- Opening Delimiter -
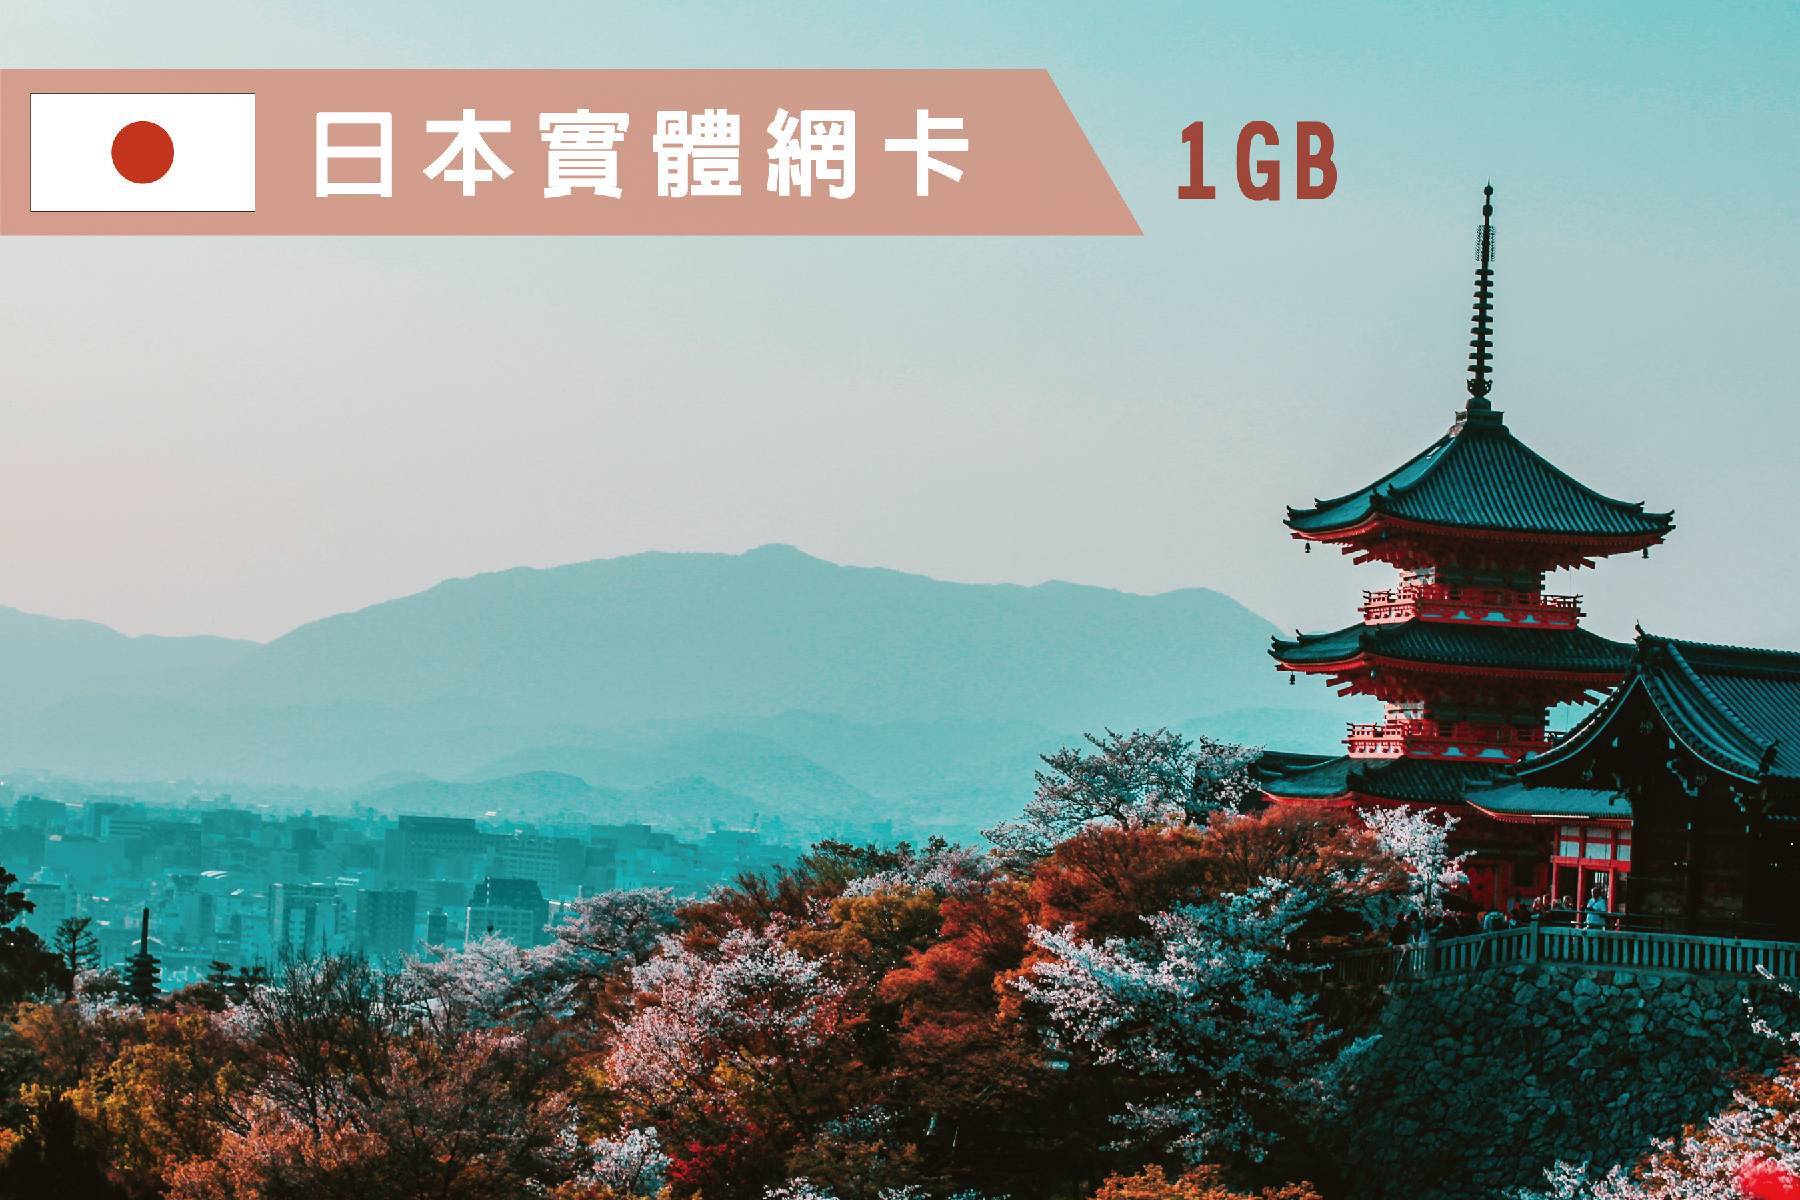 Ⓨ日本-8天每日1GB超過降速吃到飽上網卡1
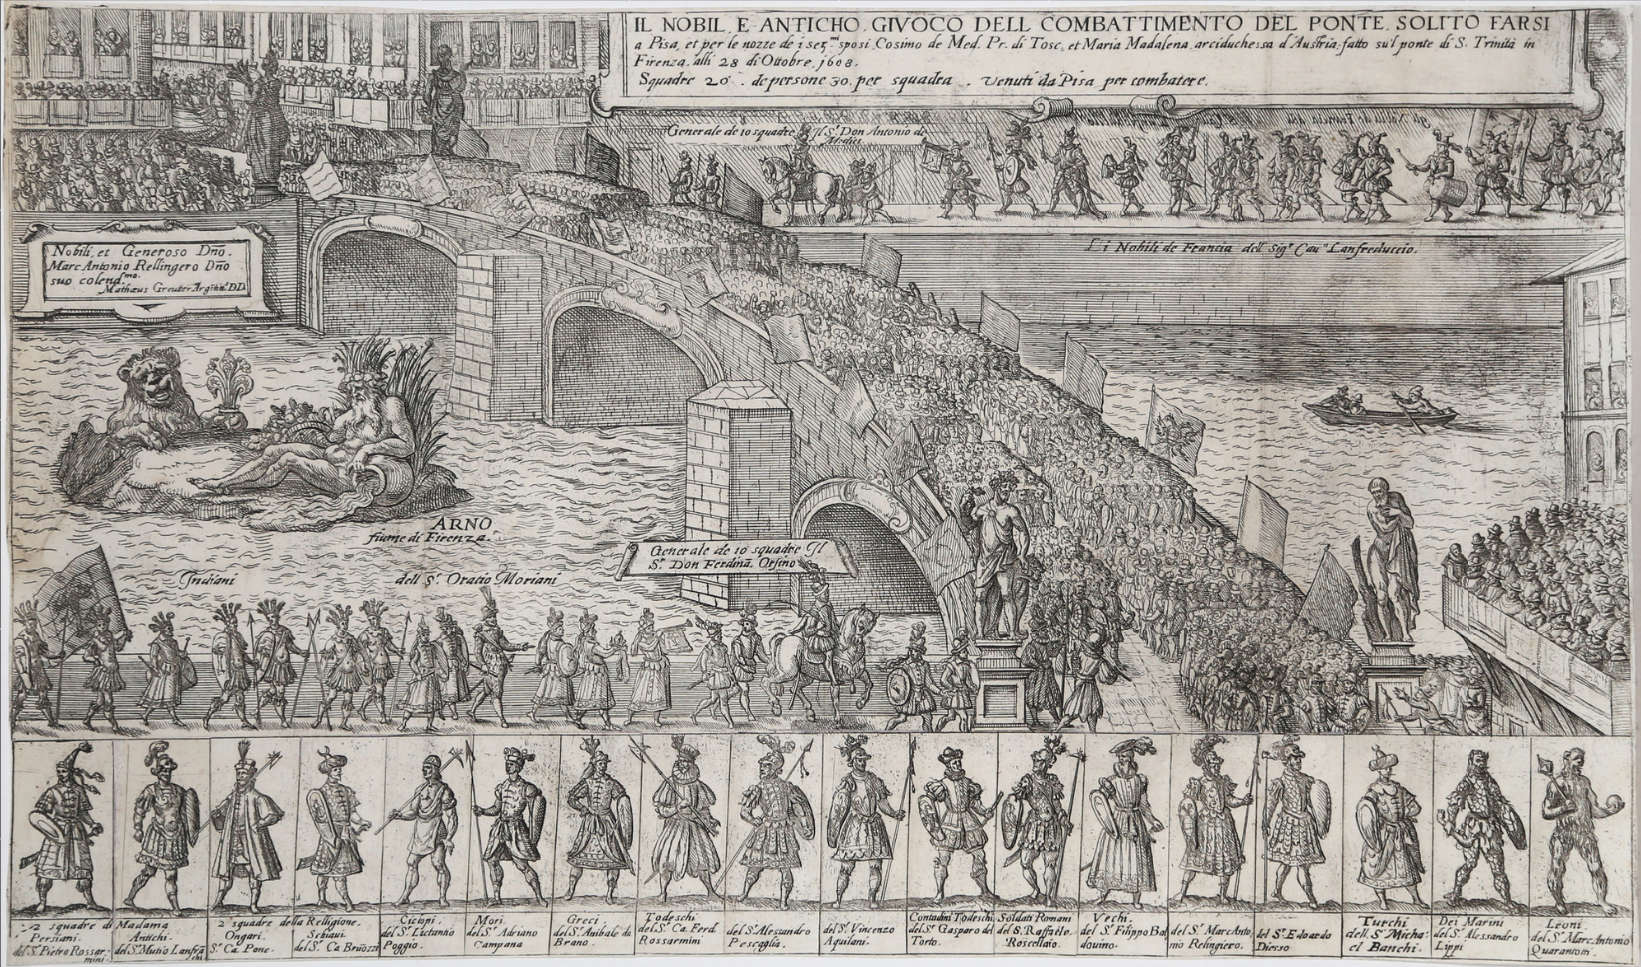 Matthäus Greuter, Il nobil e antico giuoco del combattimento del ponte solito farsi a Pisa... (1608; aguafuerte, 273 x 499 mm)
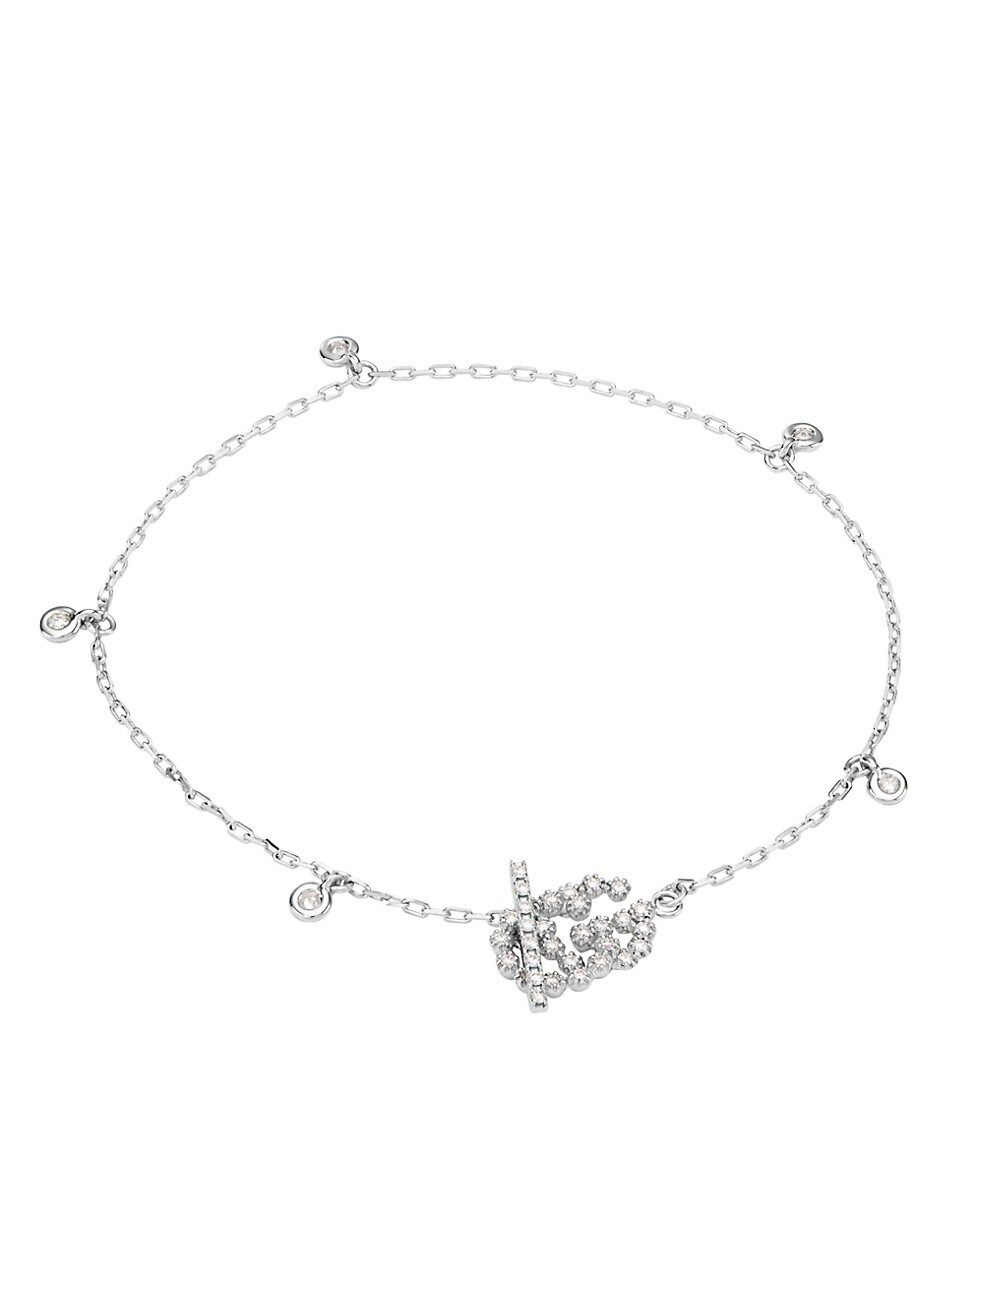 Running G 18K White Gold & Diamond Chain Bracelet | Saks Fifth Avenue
- Closing Delimiter -
> _What the task asks_
Could you restate exactly the lines from the line containing "Matthäus Greuter, Il" through the end of the listing, both ends included and nothing else, leaving the images out?

> _Problem solution_
 Matthäus Greuter, Il nobil e antico giuoco del combattimento del ponte solito farsi a Pisa... (1608; aguafuerte, 273 x 499 mm)
 Running G 18K White Gold & Diamond Chain Bracelet | Saks Fifth Avenue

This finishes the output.